Ça, c’était en avril 2011. Mais quatre mois avant, la France avait déjà fait appel au procureur Ocampo. « Le 11 décembre 2010, (révèle ce site Internet) Ocampo est sollicité par une diplomate française ». Béatrice Le Fraper, c’est son nom, écrit au procureur : « J’ai besoin de savoir ce qu’a donné ta conversation avec Alassane Ouattara », alors que la crise post-électorale ivoirienne n’en est qu’à ses débuts et qu’une médiation africaine est en cours.

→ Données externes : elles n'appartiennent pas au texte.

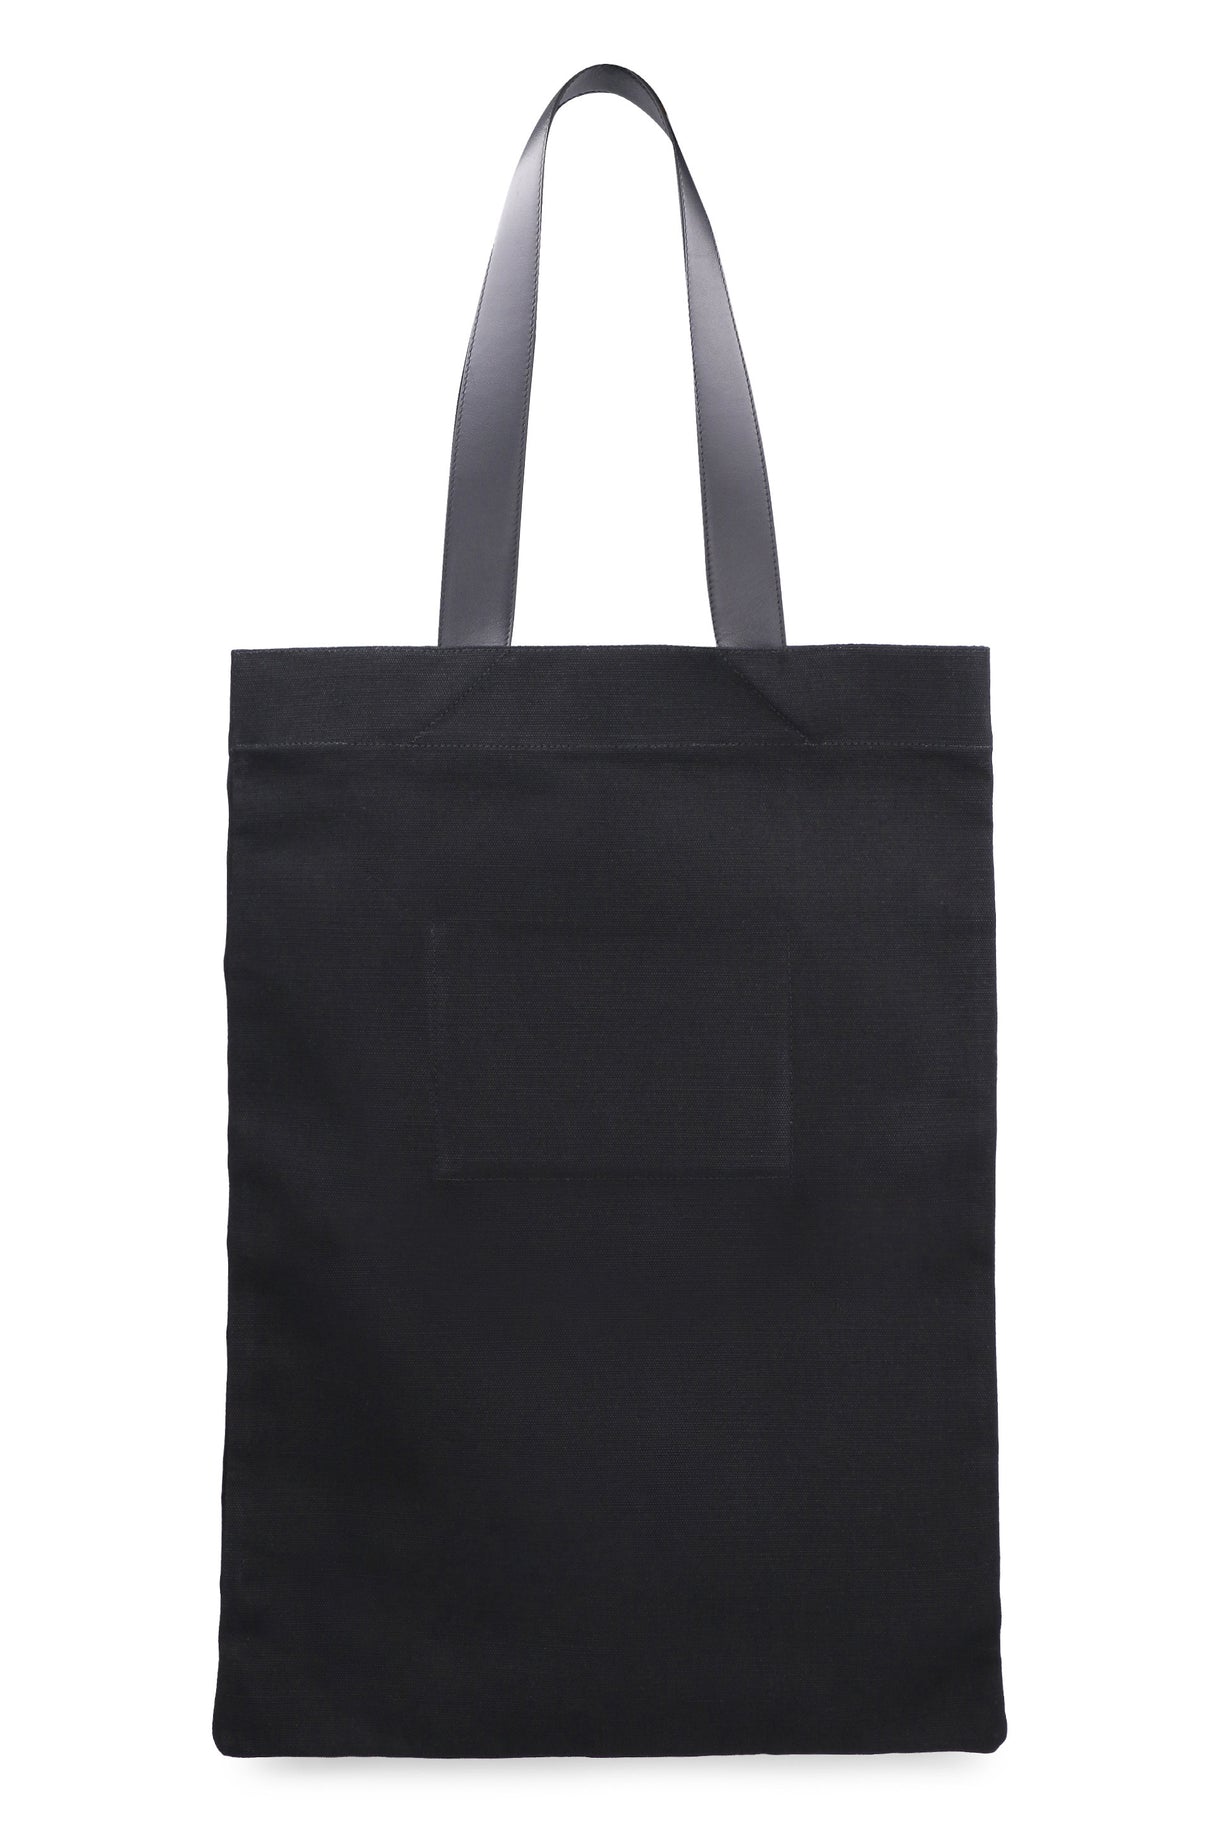 JIL SANDER Stylish Black Canvas Tote Handbag for Women

Mediapart en conclut que le procureur de la CPI « collabore déjà sans aucune réserve avec l’un des principaux protagonistes de la crise ivoirienne », ce qui « pourrait apparaître aujourd’hui en contradiction totale avec les exigences d’« indépendance » et d’« impartialité » imposées par les statuts de la Cour », laquelle « a surtout été utilisée, si ce n’est manipulée, pour peser dans le départ espéré de Gbagbo ».

D’autant que « fin 2010, la Côte d’Ivoire n’a pas ratifié le Statut de Rome », signale ce journal. Le 11 avril 2011, le procureur « n’a donc aucune base légale pour demander à Ouattara de ne pas relâcher Gbagbo », bucheronne en conséquence Mediapart. Au nom de la loi.